Third consecutive Emily here...

When I talked to my coworkers, one related that she was having it done no matter what because otherwise it's "disgusting" to look at and anyway it hurts the baby less than what SHE has to go through.









The other insisted that on his mission in Holland all the guys were, so I was lying about the 85% of the world doesn't stat. Also said that his brother wasn't, and not only was his penis always infected but it made him get all kinds of sick.







:









What can you even SAY to this kind of person?


----------



## TigerTail (Dec 22, 2002)

lol, are non-emilys allowed to post?

i would venture to say that when people have vented about 'sheep' etc, *this*, is what they were talking about. being a know-it-all, running into people that *think* they know it all but are just downright ignorant & proud to profess it with every word out of their mouths is most irritating.









emily-suse


----------



## whateverdidiwants (Jan 2, 2003)

Quote:


Originally Posted by *boingo82*
The other insisted that on his mission in Holland all the guys were, so I was lying about the 85% of the world doesn't stat.
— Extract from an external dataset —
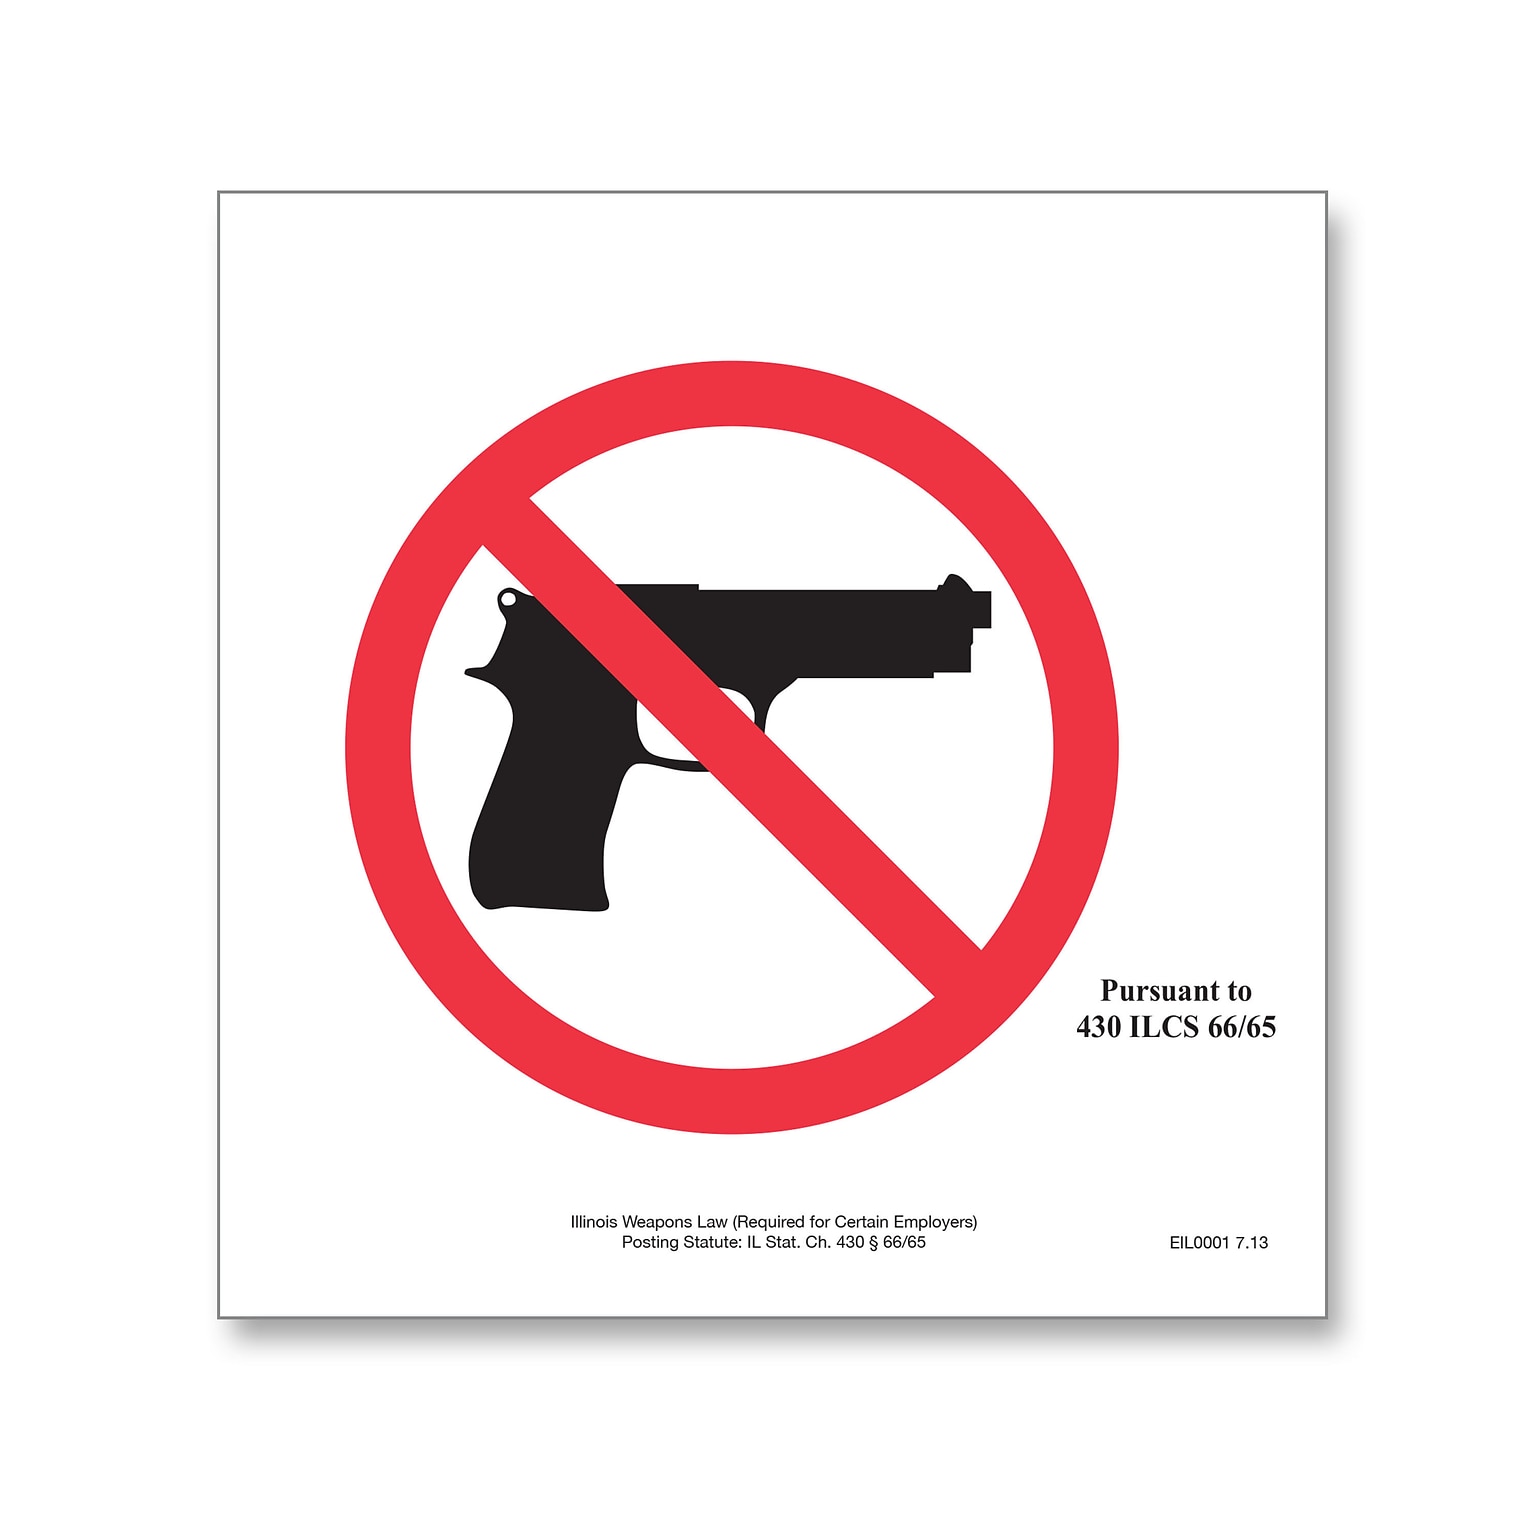 ComplyRight™ Weapons Law Poster Service, Illinois (U1200CWPIL)

Having dated several Dutch exchange students in college, I can tell you that's total BS.


----------



## boingo82 (Feb 19, 2004)

Quote:


Originally Posted by *whateverdidiwants*
Having dated several Dutch exchange students in college, I can tell you that's total BS.

I figured as much. There's just no talking to some people, though.
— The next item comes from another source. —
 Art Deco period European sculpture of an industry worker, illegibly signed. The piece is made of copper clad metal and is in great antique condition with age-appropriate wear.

Oh yeah...another coworker...
I was talking to him about my apprehension about having a newborn. I never was good with babies. I felt stupid making faces and baby talking to them, and was afraid I wouldn't be able to relate to mine. And then I mentioned how I was afraid the cord would stay on forever (or something) because I knew somebody whose baby's cord stayed on for 3 weeks.
Now keep in mind this coworker is (seemingly) very intelligent and not very mainstream...
He says, "I know, it's so f-ing gross. I refused to even TOUCH my boys until the cord fell off and the circumcision healed."
I cringed. I know it was a huge cringe, it got the attention of another coworker. I was lucky I didn't vomit.
The conversation ended there, I just walked off.

Some father, huh?

(btw I feel perfecty un-silly making faces and cooing at my son. And his cord fell off after 5 days.)


----------



## Kiki Runs (Oct 7, 2002)

Quote:


Originally Posted by *boingo82*
The other insisted that on his mission in Holland all the guys were, so I was lying about the 85% of the world doesn't stat. Also said that his brother wasn't, and not only was his penis always infected but it made him get all kinds of sick.







:









What can you even SAY to this kind of person?
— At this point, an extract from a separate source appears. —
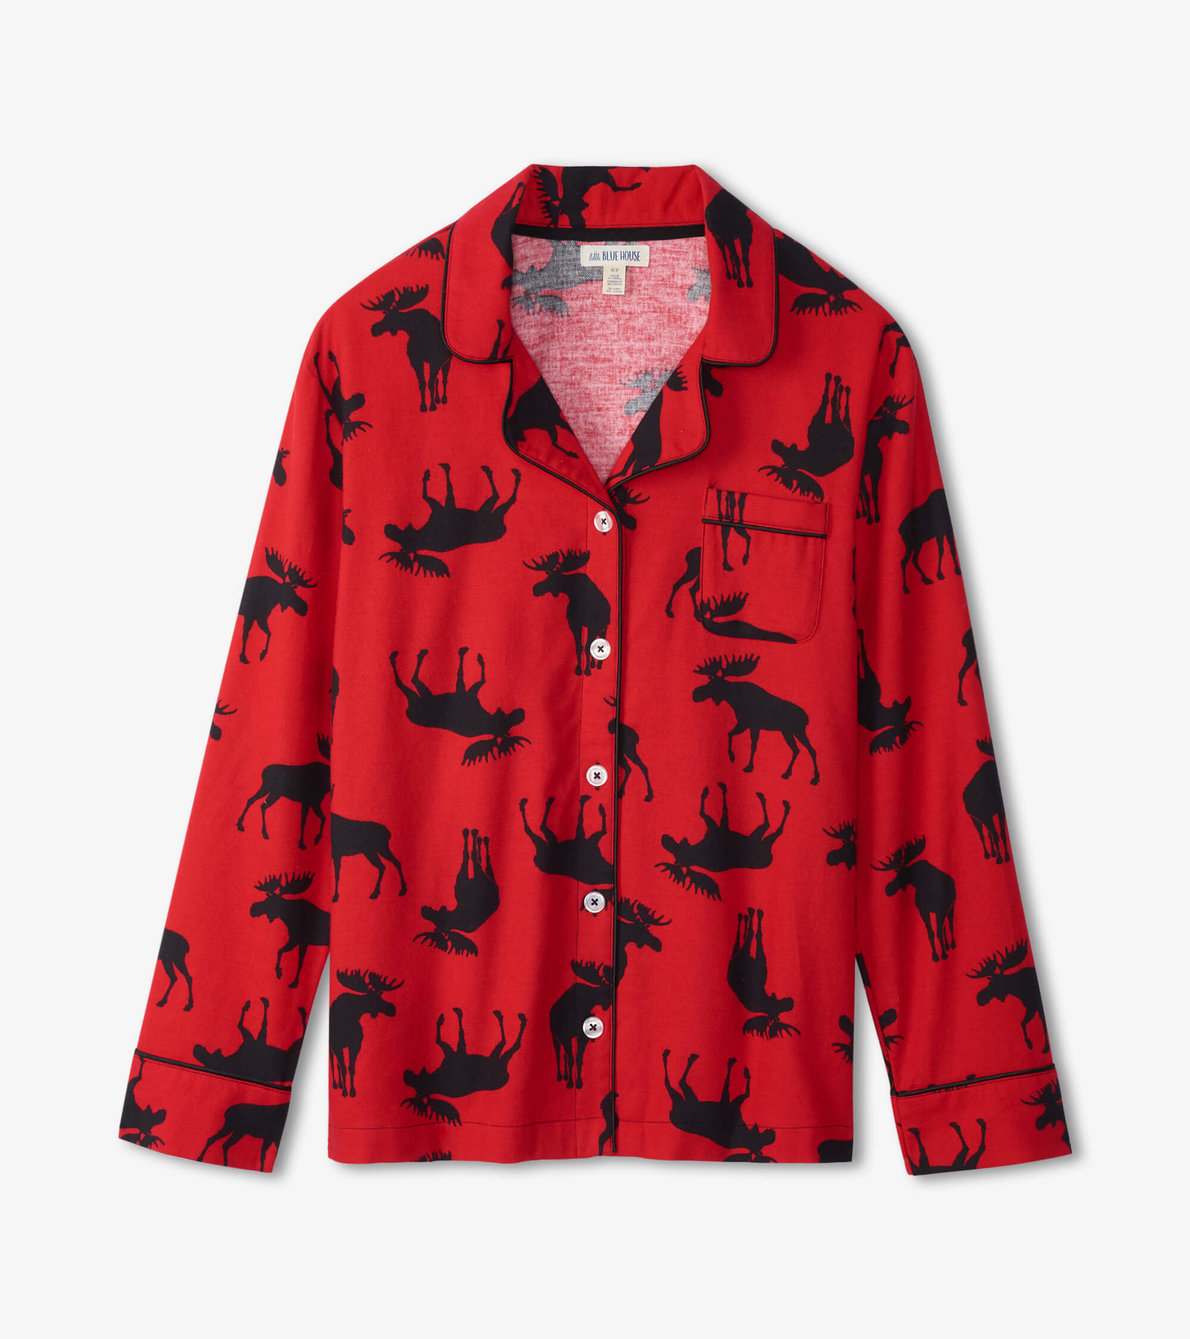 View larger image of Moose On Red Women's Flannel Pajama Set

Hmmm....so he just ran around checking EVERY man's penis? No one had a problem with that? Did they all just sit around comparing, or did he sneak peeks in locker rooms? What about guys he just saw on the street? Were they willing to unzip and whip it out for comparison? Or was it more of a survey-type thing? In which case, how does he know "all the guys" were truthful about their status? (In case it's not obvious here, I'm touch-typing b/c my eyes are rolled so far back in my head that I can't see the keyboard!





















)

Whatever!!! And, really, his brother sounds pretty open about all these "infections" and sicknesses....I'm surprised, b/c I guess I'd tend to keep my yap shut if *I* had an infection of *my* genitals. But who knows? Maybe their family was different from mine - where we generally left people's genitals in their pants!










But good thing that guy's an expert on the circ occurrence in Holland AND the horrible repercussions of "neglecting" such a major health issue!























Kinsey (who would never think to ask men on the street if they're circed or not)


----------



## Frankly Speaking (May 24, 2002)

I think a lot of people who don't know better use all of the myths then exaggerate to add impact to their story and then throw in a few lies for a final impact. For those of us who know, it makes them appear pretty bad and totally stupid. We know that all of these things they are telling us bear no resemblence to reality and they are telling us as if it were their first hand experience and they know it to be fact beyond dispute. While it makes no impression on us, it certainly makes an impression on some parents-to-be.

Frank


----------



## boingo82 (Feb 19, 2004)

Quote:


Originally Posted by *kinsey43*
Hmmm....so he just ran around checking EVERY man's penis? No one had a problem with that? Did they all just sit around comparing, or did he sneak peeks in locker rooms? What about guys he just saw on the street? Were they willing to unzip and whip it out for comparison? Or was it more of a survey-type thing?..
Kinsey (who would never think to ask men on the street if they're circed or not)

No, I'm pretty sure he didn't ask anybody or purposely look. I doubt that would've gone over well with the church.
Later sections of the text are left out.